On trouve, dans le livre de Peschanski, six photos du camp de Montreuil-Bellay. Elles ont été prises à des dates différentes.

Les trois premières, de 1944, sont prises de l’extérieur (sur les deux premières, on discerne, au premier plan, des barbelés). On y voit, groupés, faisant face à l’objectif, des détenus.

Sur la première de ces photos, on voit deux bâtiments en dur, et l’un d’eux comporte un accès fait de six marches. Sur la deuxième, le bâtiment que l’on voit est, à l’évidence, en planches, et sur pilotis.

La quatrième photo montre des ruines d’un bâtiment en dur ; ces ruines mêmes ont aujourd’hui disparu.

La cinquième photo, nécessairement plus tardive, montre quelques moutons tournés vers des marches en béton  isolées au milieu d’un champ. Je compte huit marches.

La dernière photo est une vue aérienne, qui pourrait aussi bien être d’aujourd’hui, du « site du camp de Montreuil-Bellay ».

 

*

 

Dans ce camp, plus de 2000 personnes ont été internées. Leur présence, pour qui regarde le terrain informe d’aujourd’hui, est peu imaginable.

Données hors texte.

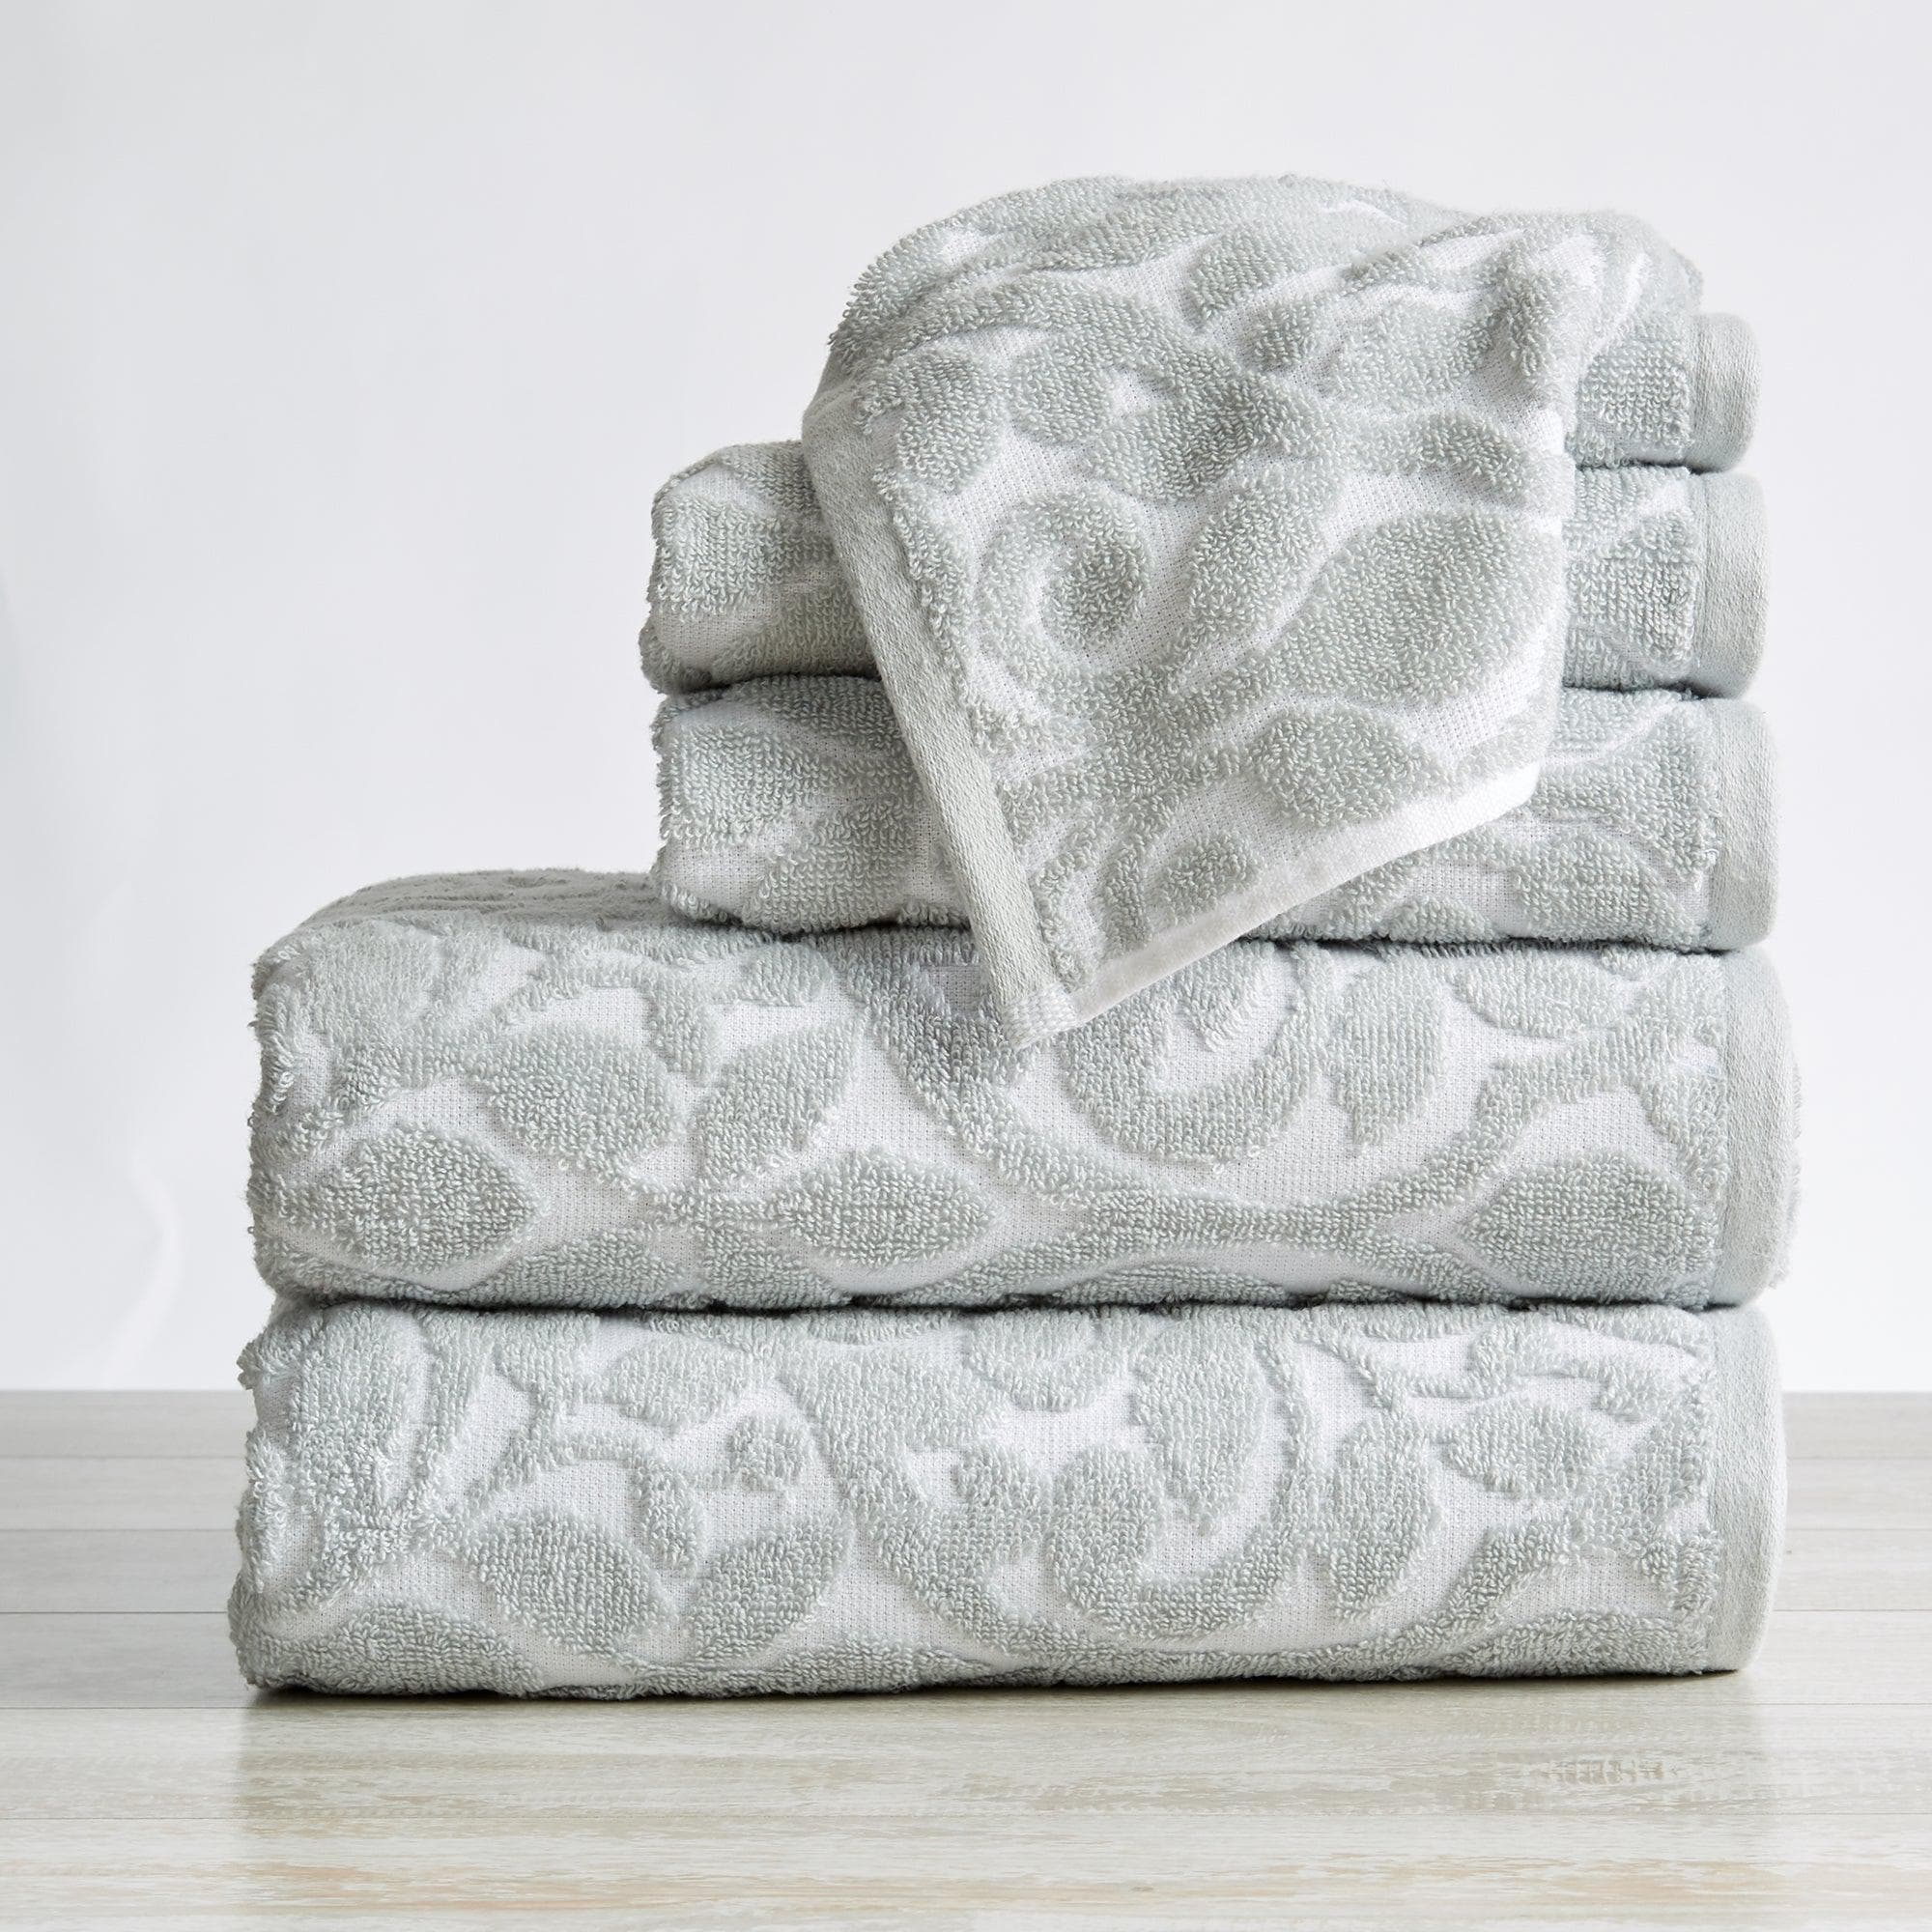 Organic Towel Sets in Space Grey, Towel Collections

Sur – depuis – les photos, quelques-unes «nous » regardent encore, à travers les barbelés. Mal nourries, mal vêtues, mal soignées, privées de liberté, qu’ont-elles vu, des jours durant ? Non pas, évidemment, ce que nous avons vu en errant autour du camp – mais du moins, de cette terre et de ce ciel, l’abstraction.

 

*

Jacques Sigot rapporte un propos d’une certaine « Sœur Marie Joseph ». Cette soeur devait faire partie du personnel du camp, mais elle use d’un « nous » étrangement humain dans un pareil contexte. Sœur Marie Joseph adopte un instant le « nous » de ceux que l’on voit sur les photos. Le nous de ceux qui, quand nous regardons ces photos, nous font face :

 « Je dois dire ici que nous n’avions eu à peu près aucun contact avec les Montreuillais. Nous ne les voyions que le dimanche quand ils venaient en promenade sur la route qui longeait l’enceinte des barbelés. Quand les internés voyaient les jeunes « bras dessus, bras dessous », ils disaient pour se moquer : « Ils se promènent comme des paysans ». Les Montreuillais éprouvaient du mépris pour ces gens-là, d’autant plus qu’ils étaient enfermés. »


[1] « Située à l’extrême sud-est  du département du Maine-et-Loire, la commune de Montreuil-Bellay couvre une superficie de 5000 hectares et compte 4461 habitants. Son altitude est de 54 mètres au point le plus haut de son territoire. Station touristique réputée. » (Site intternet officiel de la ville de Montreuil-Bellay.)

[2] Ces données se trouvent dans l’ouvrage de Denis Peschanski (avec la collaboration de Marie-Cg. Hubert et E. Philippori),  Les Tziganes en France, 1943-1946 (CNRS éditions, 1994), qui cite lui-même les recherches de Jacques Sigot (Ces barbelés oubliés par l’histoire, Un camp pour les Tsiganes… et les autres – Montreuil-Bellay, 1940-1945, éd. Wallada, 1983). Voir aussi Denis Peschanski,  La France des camps,  l’internement 1938-1946, Gallimard, 2002.